Round a datetime to the resolution of a timedelta.

If the timedelta is in days, the datetime will be rounded to the nearest days, if the timedelta is in hours the datetime will be rounded to the nearest hour, and so on until seconds which will just return the original datetime.

celery.utils.timeutils.humanize_seconds(secs, prefix='')

Show seconds in human form, e.g. 60 is “1 minute”, 7200 is “2 hours”.

celery.utils.timeutils.maybe_iso8601(dt)

Either datetime | str -> datetime or None -> None

celery.utils.timeutils.maybe_timedelta(delta)

Coerces integer to timedelta if delta is an integer.

celery.utils.timeutils.rate(rate)

Parses rate strings, such as “100/m” or “2/h” and converts them to seconds.

celery.utils.timeutils.remaining(start, ends_in, now=None, relative=True)

Calculate the remaining time for a start date and a timedelta.

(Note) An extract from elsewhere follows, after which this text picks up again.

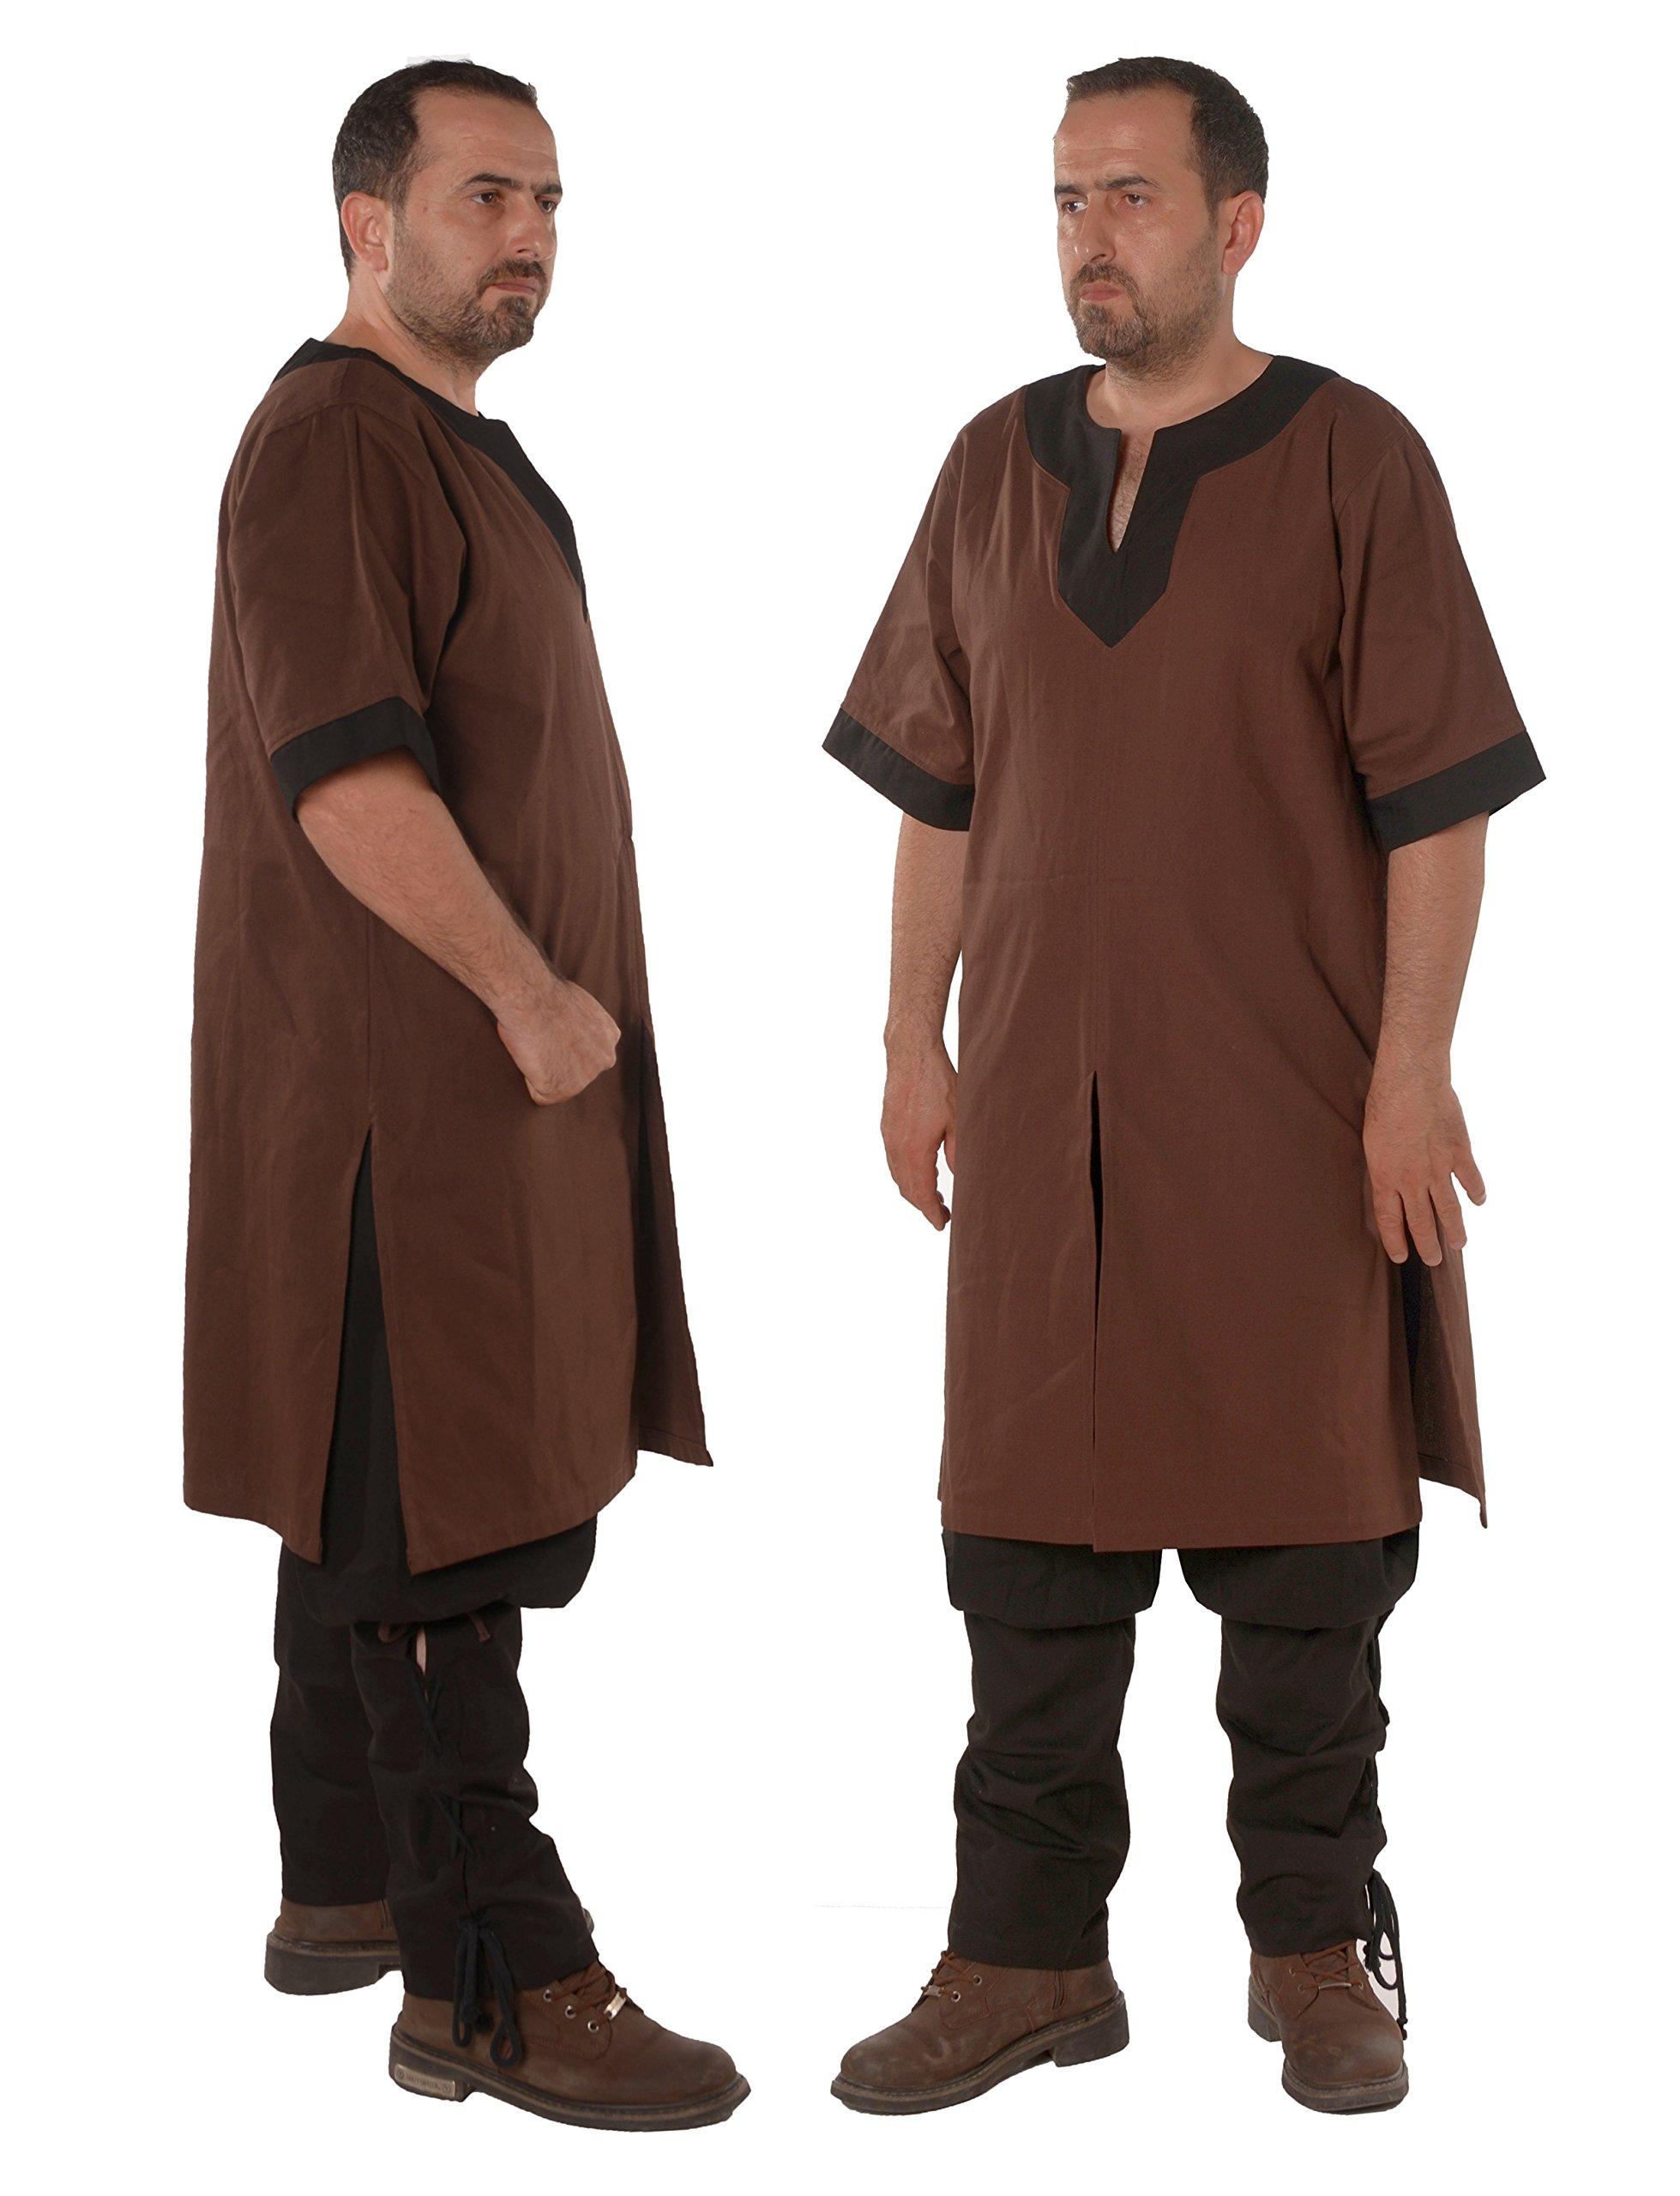 byCalvina - Calvina Costumes Loki Medieval Viking LARP Renaissance Linen-Look Cotton Mens Tunic-Made in Turkey -BRW/BLC XXXL

e.g. “how many seconds left for 30 seconds after start?”

Parameters:
  • start – Start datetime.
  • ends_in – The end delta as a timedelta.
  • relative – If set to False, the end time will be calculated using delta_resolution() (i.e. rounded to the resolution of ends_in).
  • now – Function returning the current time and date, defaults to datetime.now().
celery.utils.timeutils.timedelta_seconds(delta)

Convert datetime.timedelta to seconds.

Doesn’t account for negative values.

celery.utils.timeutils.weekday(name)

Return the position of a weekday (0 - 7, where 0 is Sunday).

Example:

>>> weekday("sunday"), weekday("sun"), weekday("mon")
(0, 0, 1)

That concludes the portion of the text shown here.